### Work order:
Reproduce the line with "La cocina de" and everything after it in the listing below, exactly, both ends included. No pictures.

### Data excerpt:

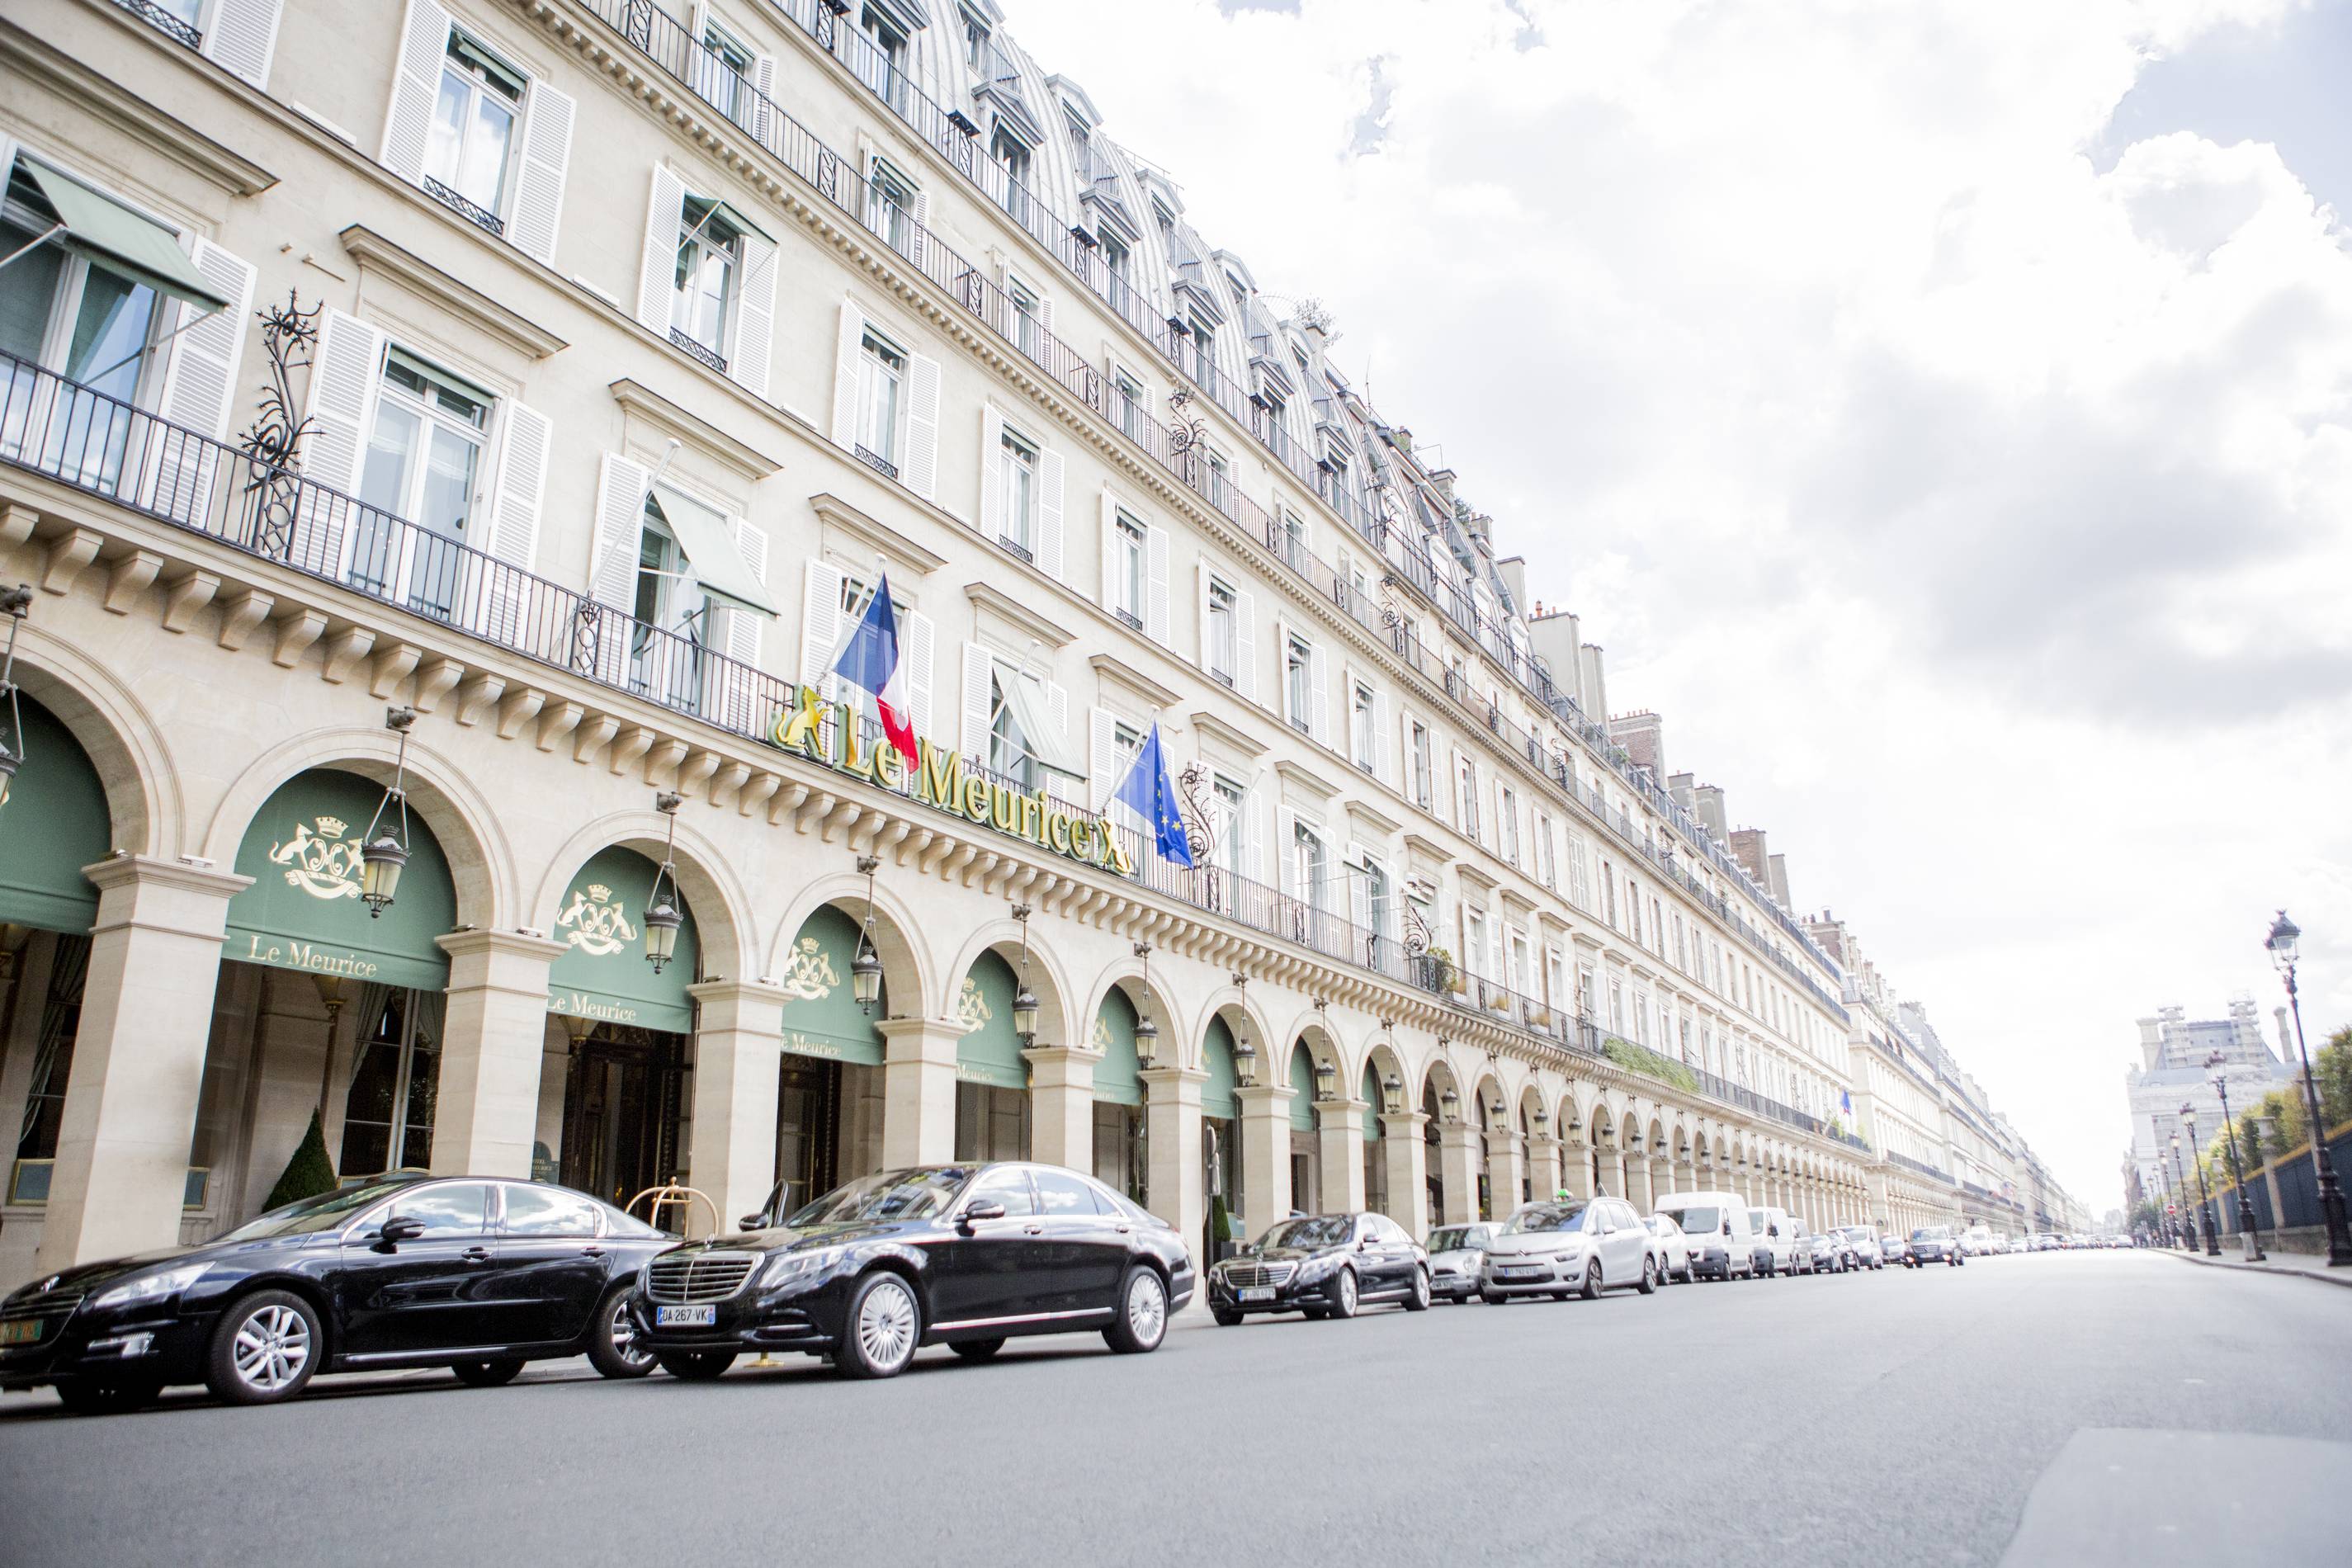 Le Meurice hotel in Paris
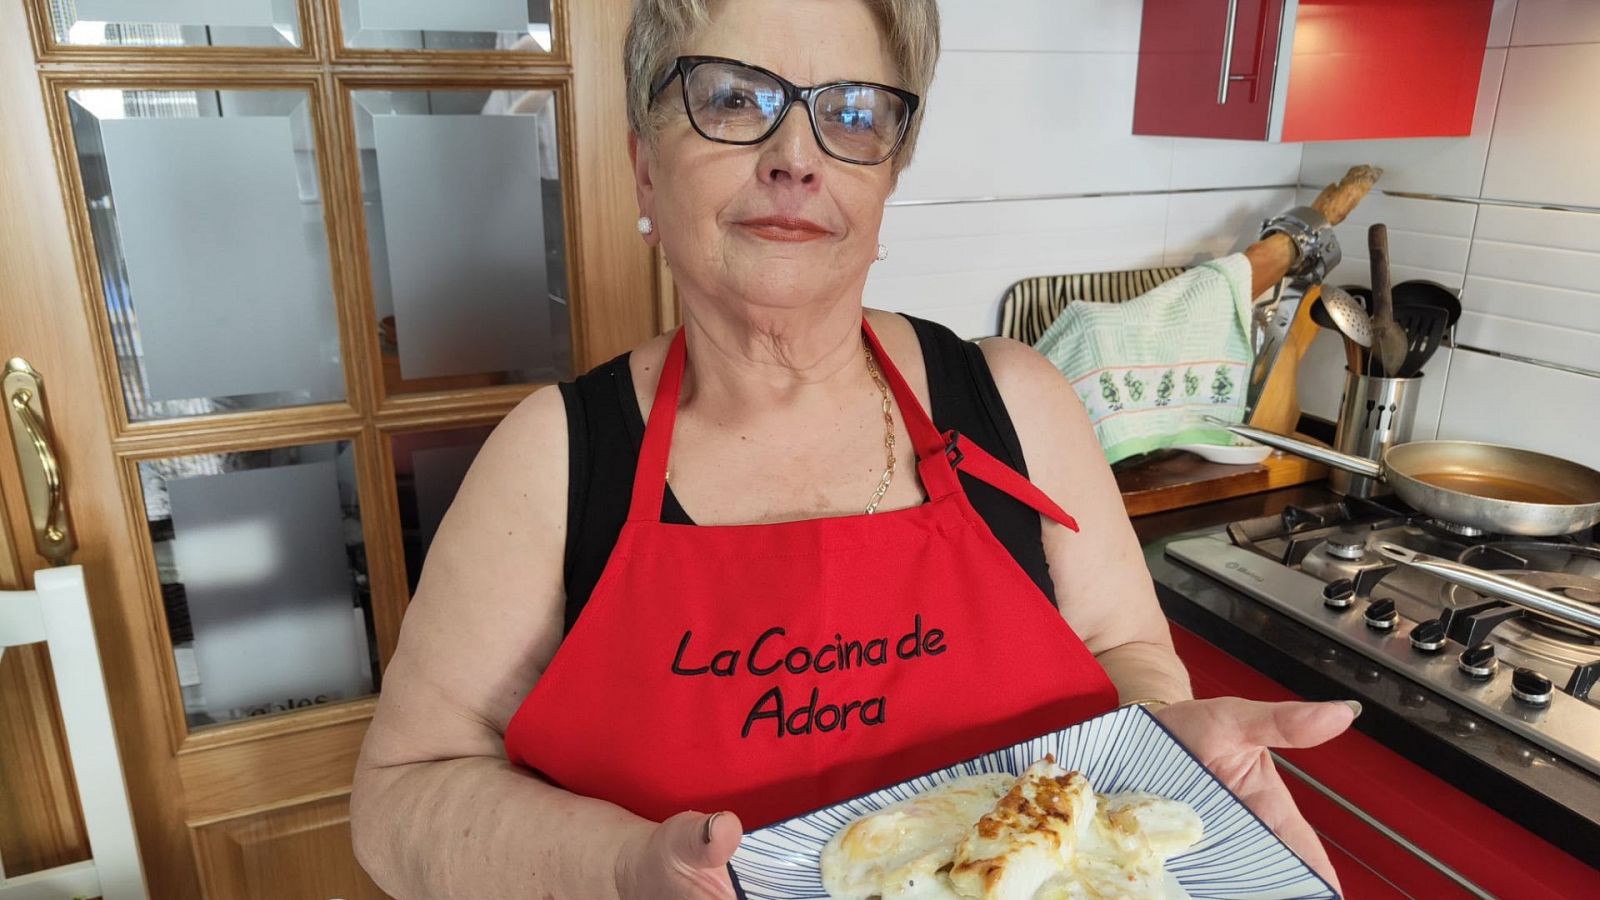 La cocina de Adora: receta para hacer un bacalao al horno acompañado de una cama de patatas y cebolla - Ver ahora
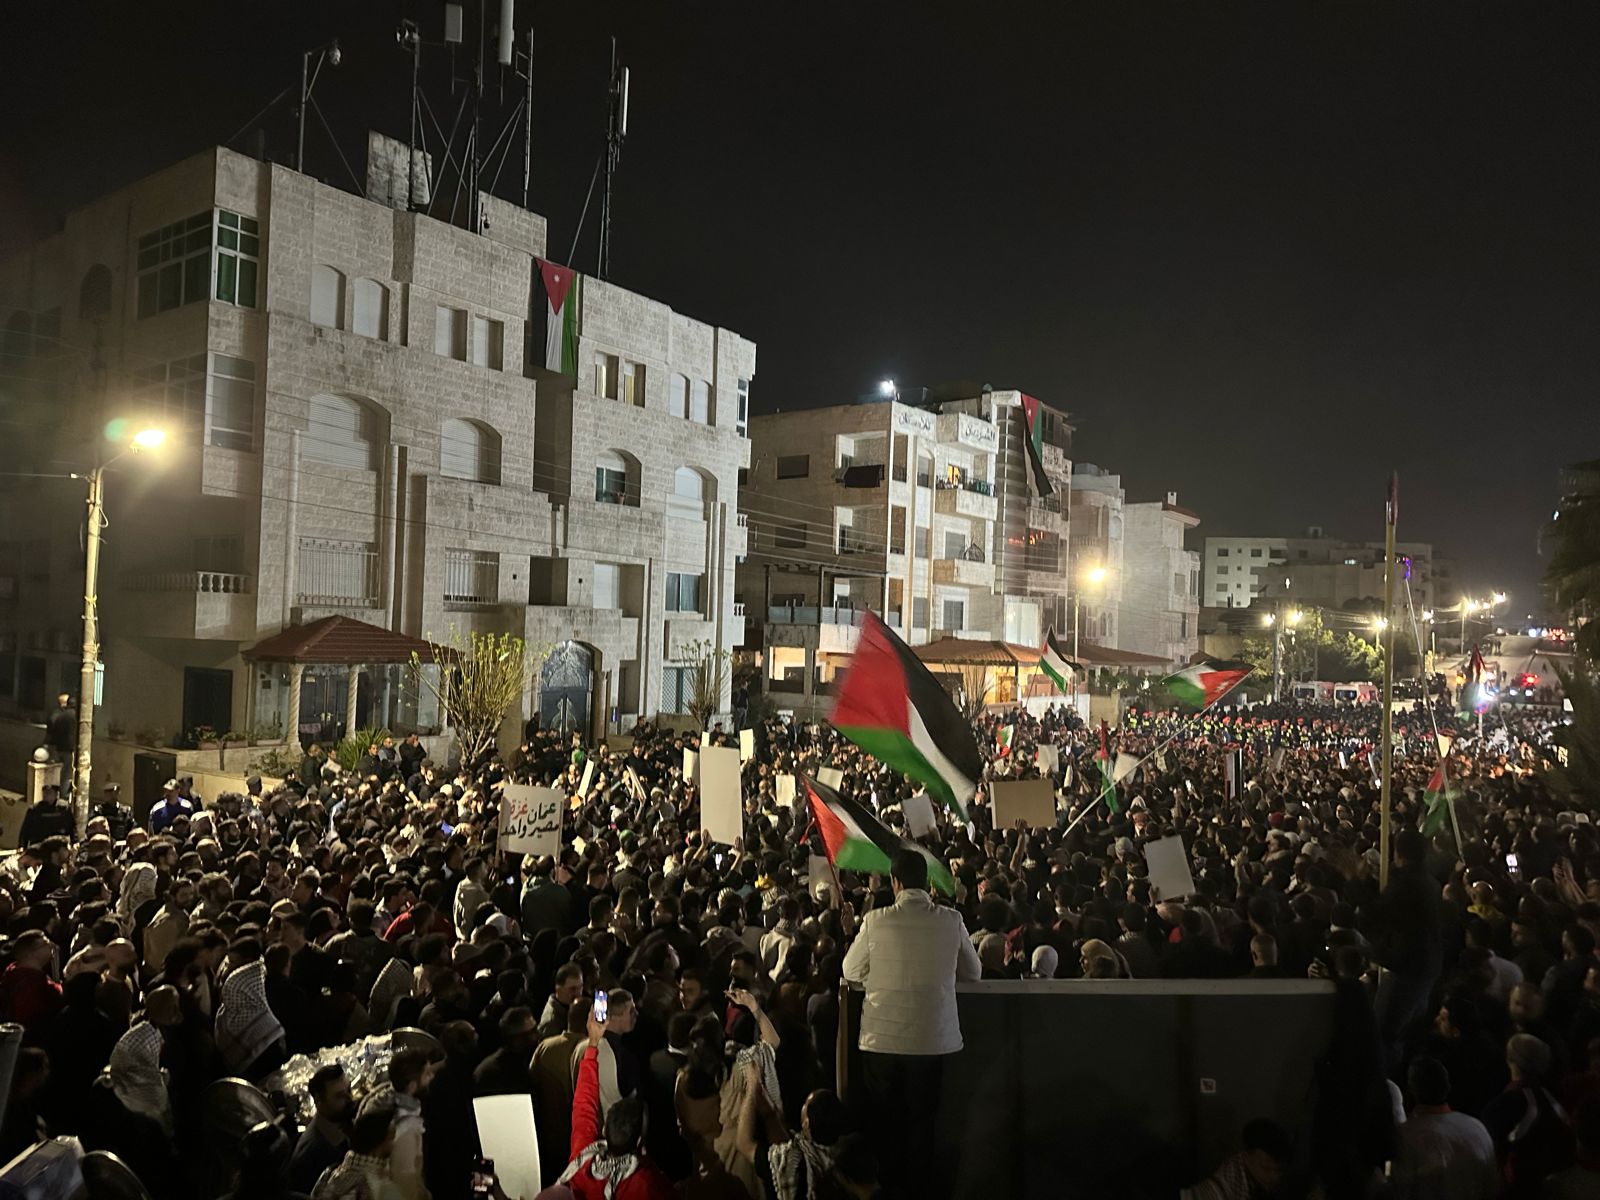 اكثر من (10) آلاف اردني يشاركون في حصار السفارة الصهيونية - فيديو

### Answer space:
 La cocina de Adora: receta para hacer un bacalao al horno acompañado de una cama de patatas y cebolla - Ver ahora
 اكثر من (10) آلاف اردني يشاركون في حصار السفارة الصهيونية - فيديو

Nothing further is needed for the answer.